Wie lange kann so ein Übergabeprozess dauern?

Am Beziehungsmanagement kann man unendlich arbeiten. Der eigentliche Übergabeprozess darf so lange dauern, wie der Nachfolger sich vom Vorgänger nicht eingegrenzt fühlt. Einige finden es super, wenn ihnen Vater oder Mutter noch zur Seite stehen. Wichtig ist, dass für alle Beteiligten klar ist, wer welche Entscheidungen trifft, und dass die Machtbefugnis des Nachfolgers kontinuierlich zunimmt, bis sie komplett auf ihn übergeht. In der Regel sollte so ein Prozess nicht länger als drei Jahre dauern.

Viele Familienunternehmer klagen, dass sie keine Nachfolger finden, weil ihre Kinder etwas anderes machen wollen. Drücken die sich um die Verantwortung?

Es gibt eine interessante Studie der Uni St. Gallen. Die hat im deutschsprachigen Raum potenzielle Nachfolger gefragt, ob sie ins Familienunternehmen einsteigen wollen. Ganze vier Prozent sagten Ja.
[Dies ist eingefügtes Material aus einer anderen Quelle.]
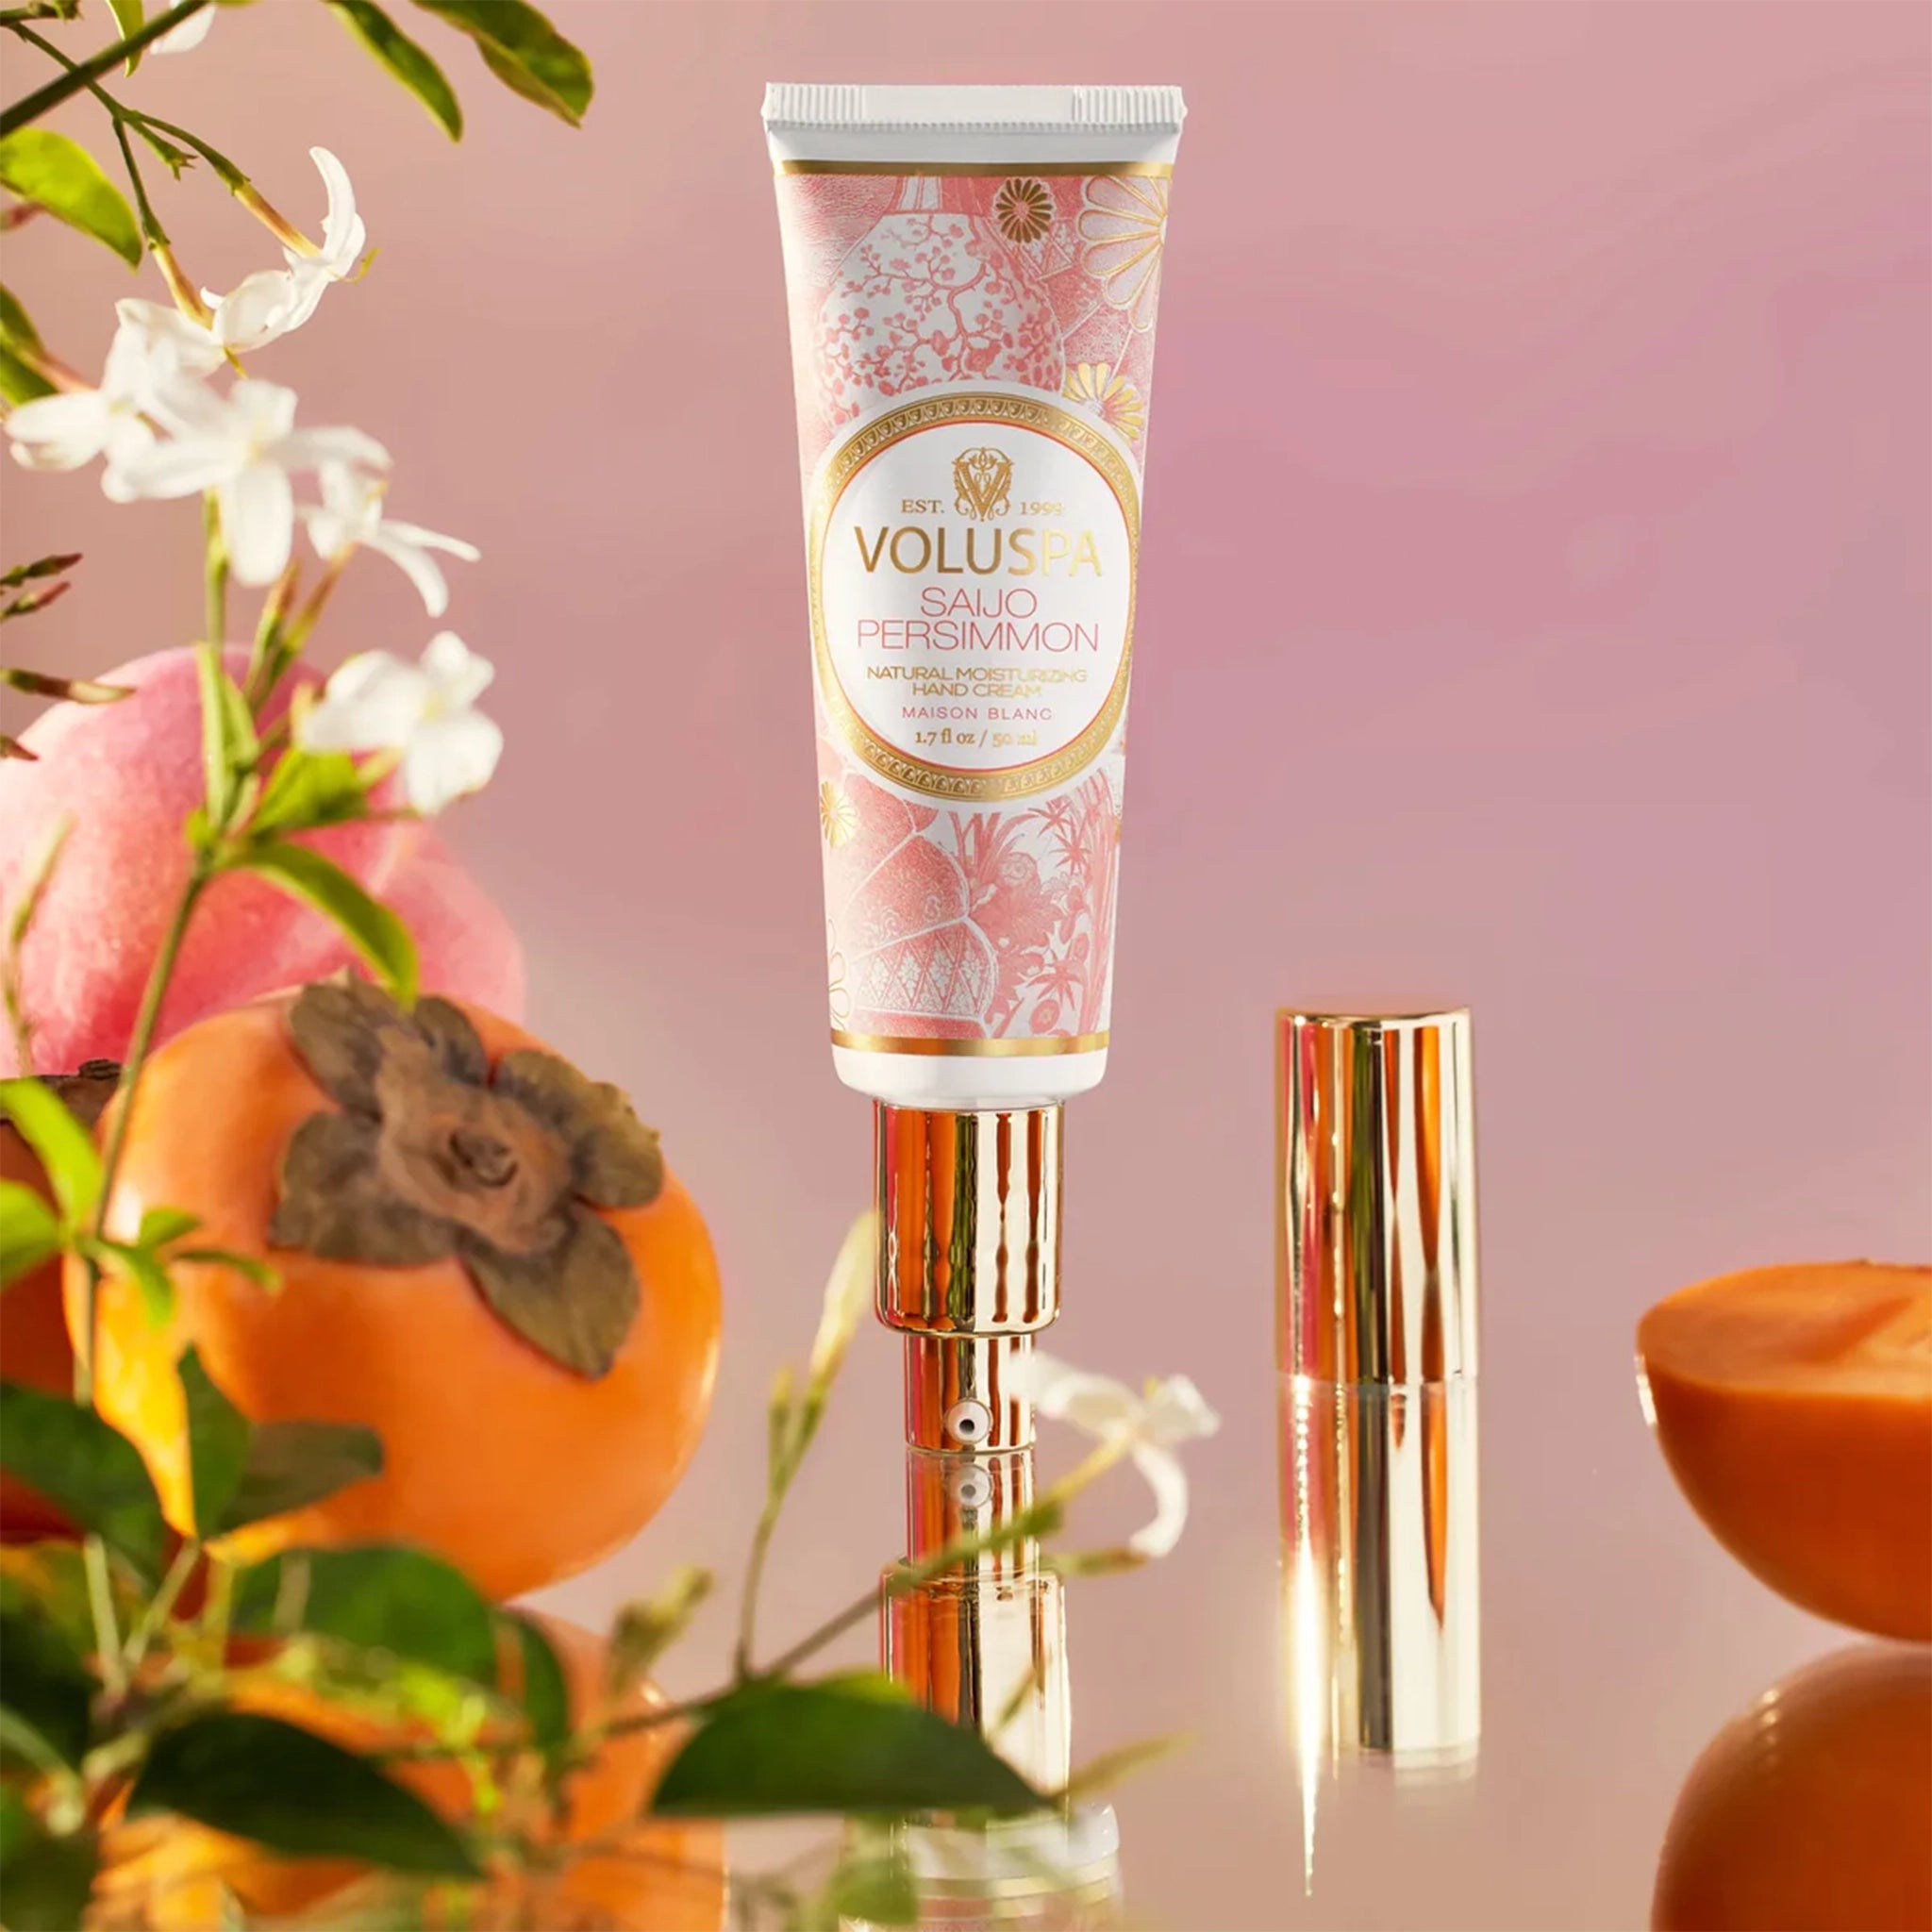 A tube of hand cream decorated with a pink floral pattern with gold text in the center that reads, "Voluspa Saijo Persimmon". The tube of hand cream has a gold pump and gold cap. It is photographed around florals and persimmon fruits.
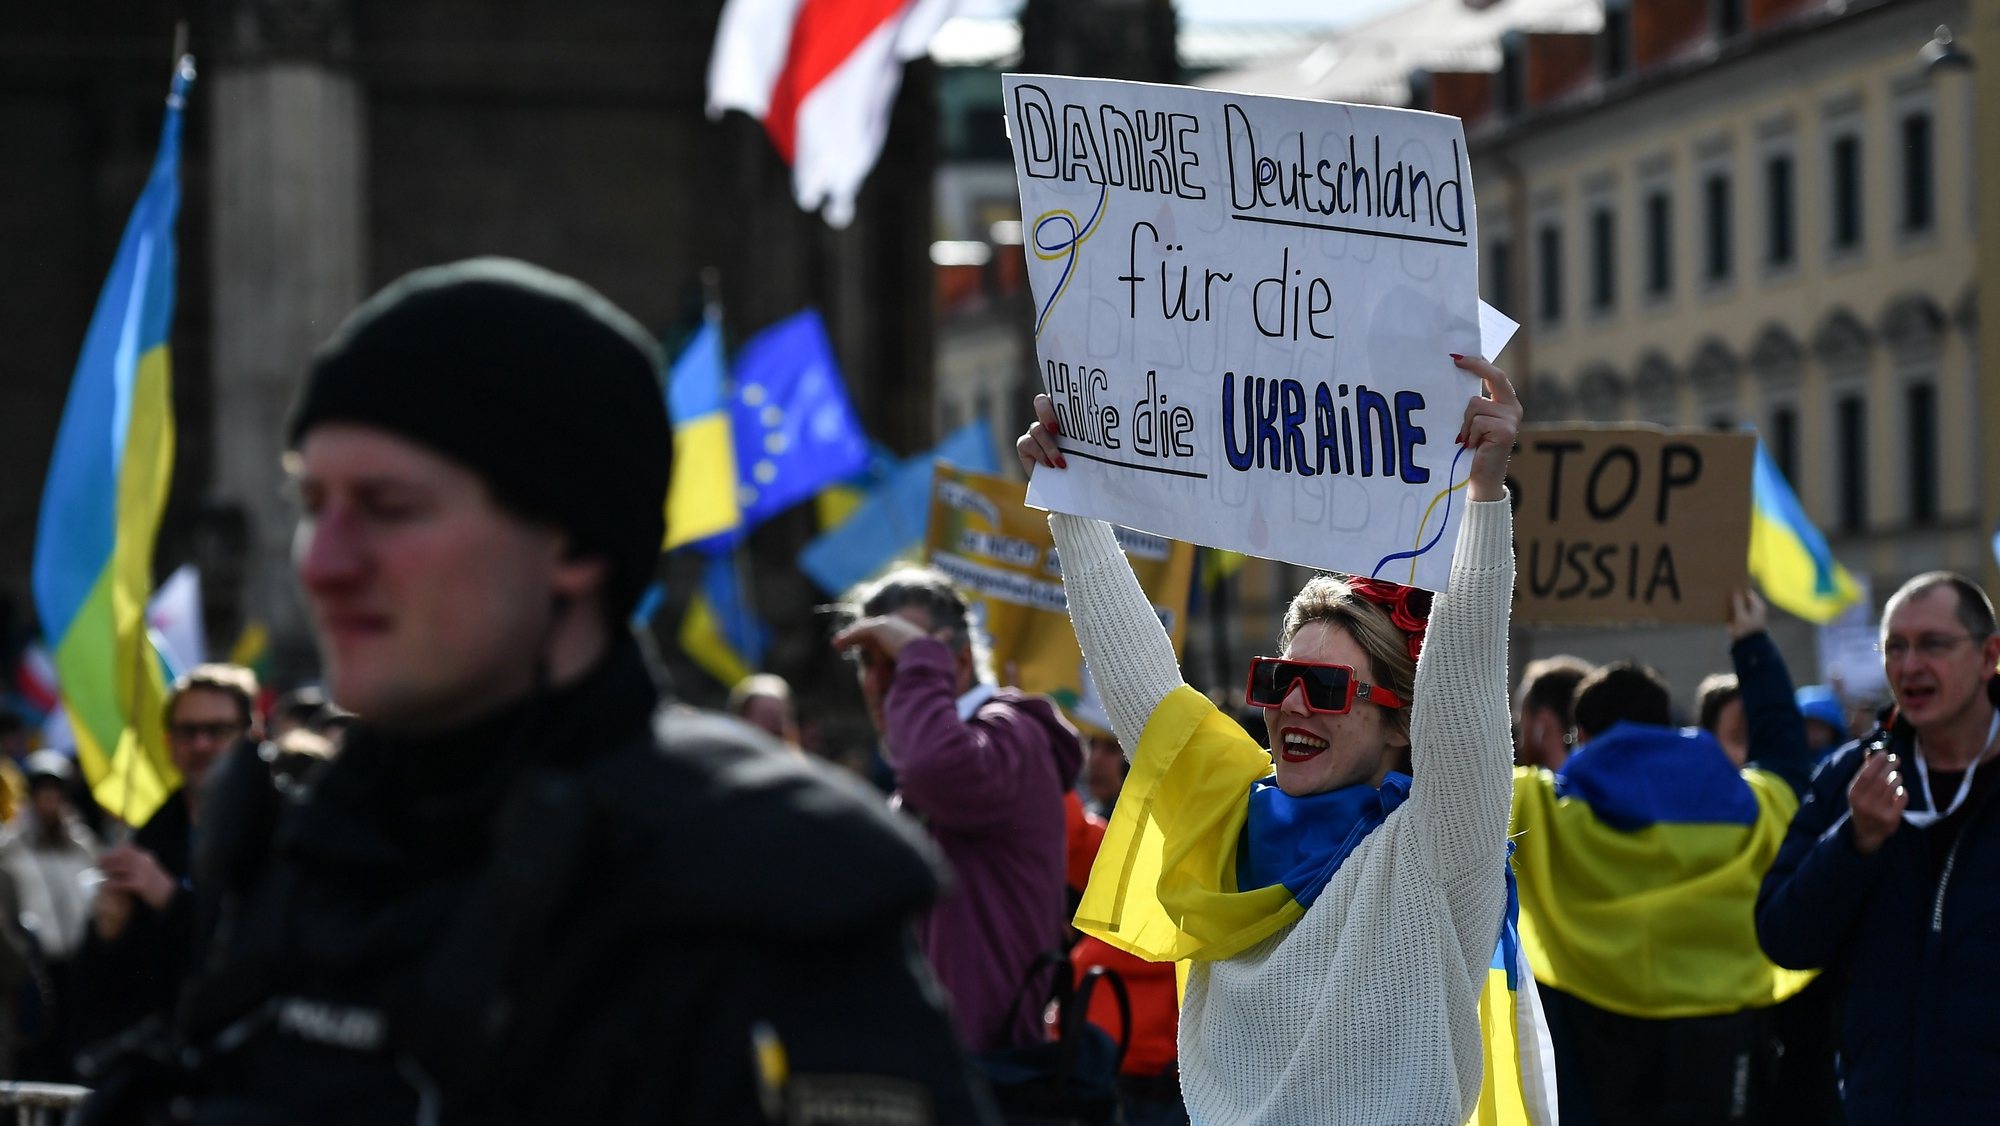 epa10475076 A woman holds a banner reading &#039;Thank you German for help to Ukraine&#039; during a rally supporting Ukraine during the 59th Munich Security Conference (MSC) in Munich, Germany, 18 February 2023. More than 500 high-level international decision-makers meet at the 59th Munich Security Conference in Munich during their annual meeting from 17 to 19 February 2023 to discuss global security issues.  EPA/ANNA SZILAGYI

Die meisten wollten die Verantwortung nicht übernehmen oder konnten sich nicht vorstellen, ihr Familienleben und ihre Freizeit für das Unternehmen zu opfern. Ich weiß aus Gesprächen, dass auch früher viele Nachfolger solche Zweifel hatten – aber damals war das ein Tabuthema, über das man nicht sprach, man ordnete sich schweigend dem Willen des Patriarchen unter. Heute trauen sich die Leute eher, ihre Bedenken zu äußern. Das ist wichtig, denn wenn sie nicht für die Nachfolge brennen, hat es keinen Sinn.

Was raten Sie den Unternehmern in solchen Fällen? Verkaufen?

Verkaufen ist eine Möglichkeit. Eine andere ist die Beteiligung von Mitarbeitern oder externen Managern. Die Familie kann sich dann auf eine Gesellschafterrolle zurückziehen und operativ die Leute walten lassen, die am meisten Erfahrung haben. Wichtig ist bei allen Nachfolgemodellen, den Denkprozess in der Familie rechtzeitig anzustoßen.

Stellen Sie Veränderungen beim Umgang mit Nachfolgefragen fest?

Ja. Als ich vor 15 Jahren anfing, mich mit dem Thema zu beschäftigen, wurden vielleicht 20 Prozent der Familienunternehmen an externe Nachfolger übergeben. Mittlerweile sind es fast die Hälfte. Die Bereitschaft, über solche Modelle nachzudenken, hat enorm zugenommen. Und sie werden heute auch gesellschaftlich akzeptiert. Man steht nicht mehr schlecht da, wenn man ein Familienunternehmen verkauft.